Correctional Officers De-escalation Education (CODE)
In response to a call from the field to provide training resources for people working in jails and prisons, NAMI developed and published Correctional Officers De-escalation Education (CODE). Created in partnership with NAMI Tennessee, CODE can be used help train correctional professionals to increase their knowledge and awareness about mental illness and provide them skills to support interactions with people who are incarcerated and might be symptomatic.

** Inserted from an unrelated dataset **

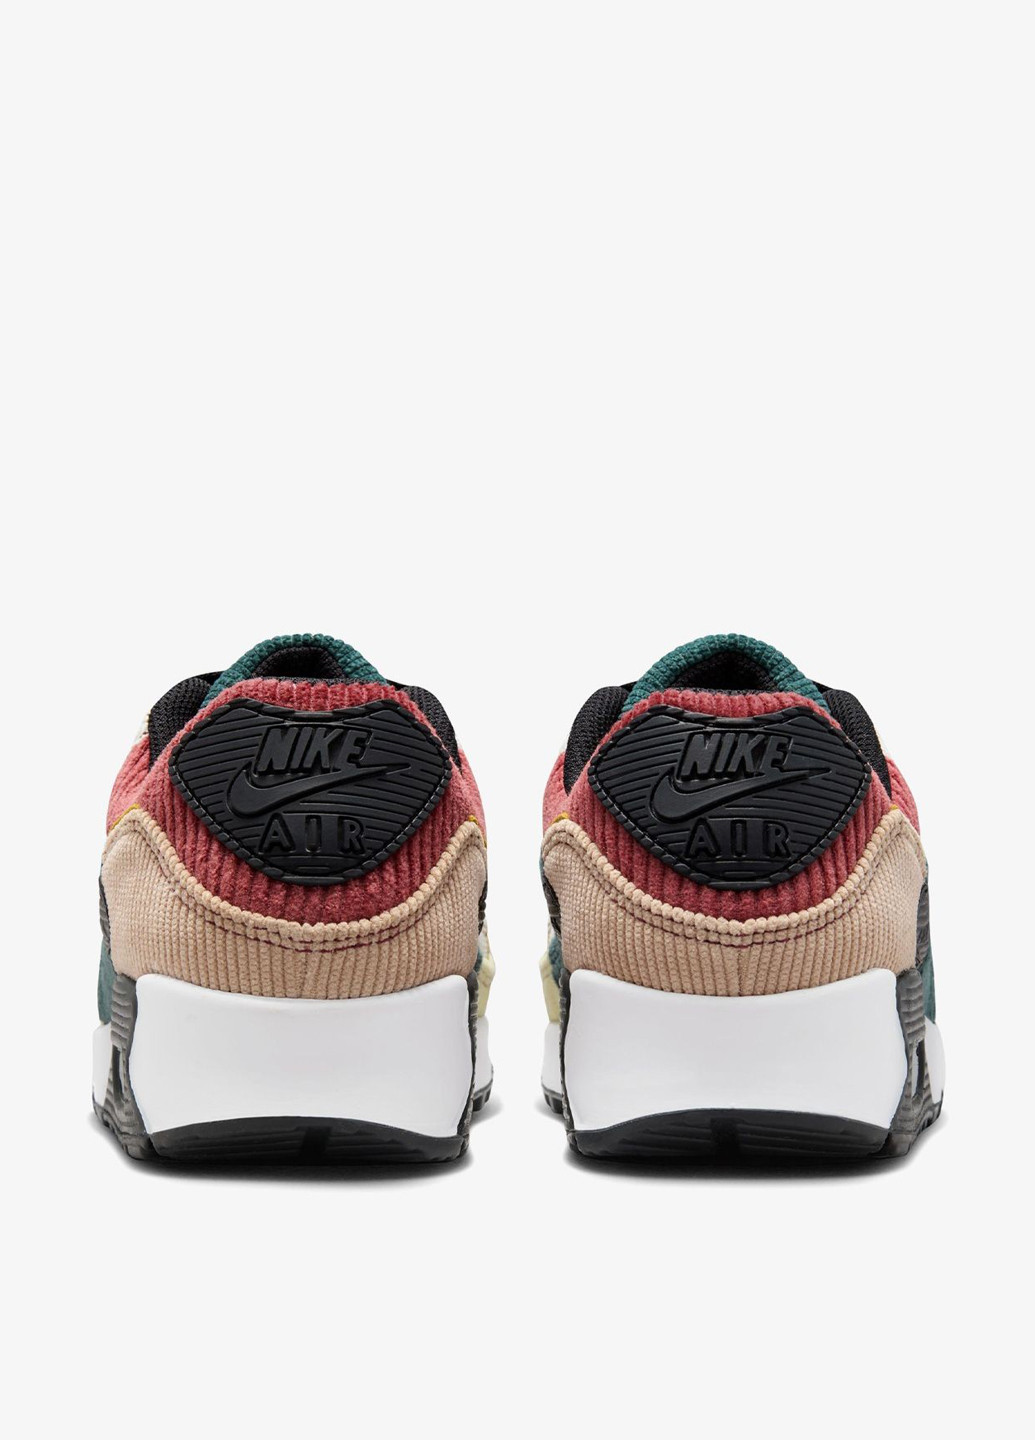 Цветные демисезонные кроссовки Nike AIR MAX 90 SE
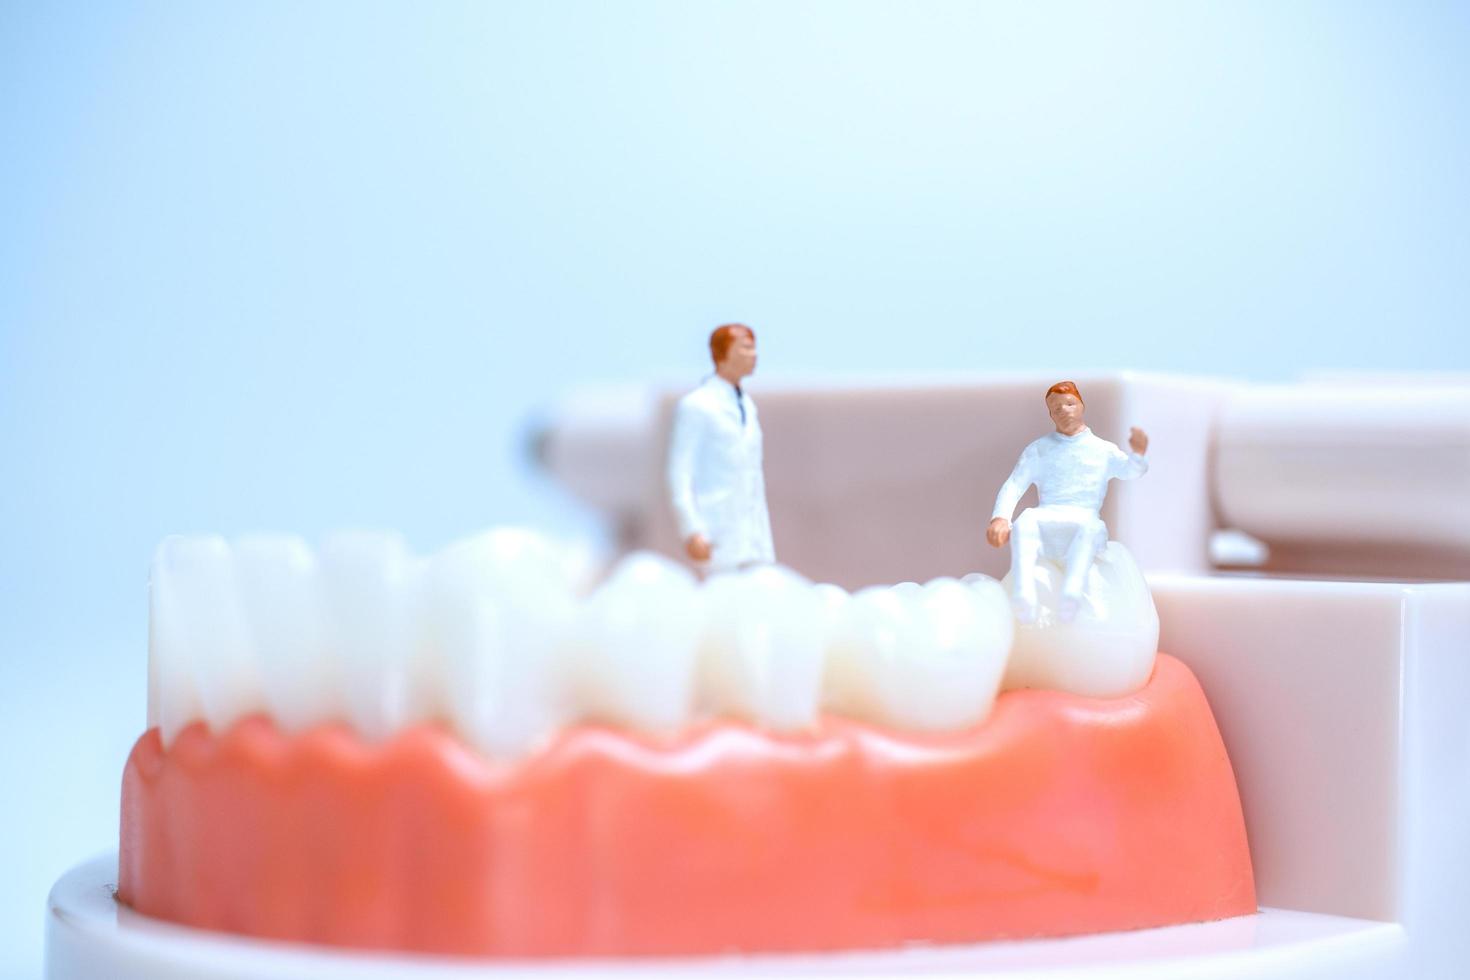 Dentistes miniatures à l'intérieur du modèle de dents humaines avec des gencives photo

No one policy or initiative will reform our nation’s criminal justice system or solve our overreliance on this system to address communities’ mental health needs. Alone, each of these seem small, but it will take small victories, piling up over time, to reach our final goal. The importance of taking time to celebrate small victories is something I have learned to do throughout my career — not only to acknowledge the hard work that is happening, but also to maintain our mental health as advocates as we continue down the long road of criminal justice reform.
Shannon Scully is the Director of Justice Policy & Initiatives at NAMI’s national office where she provides strategic guidance and support across the alliance regarding criminal justice reform, diversion and crisis response. Shannon has spent most of her career working in and around the criminal justice system, and she is passionate about creating systems that meet communities’ needs instead of perpetuating injustice.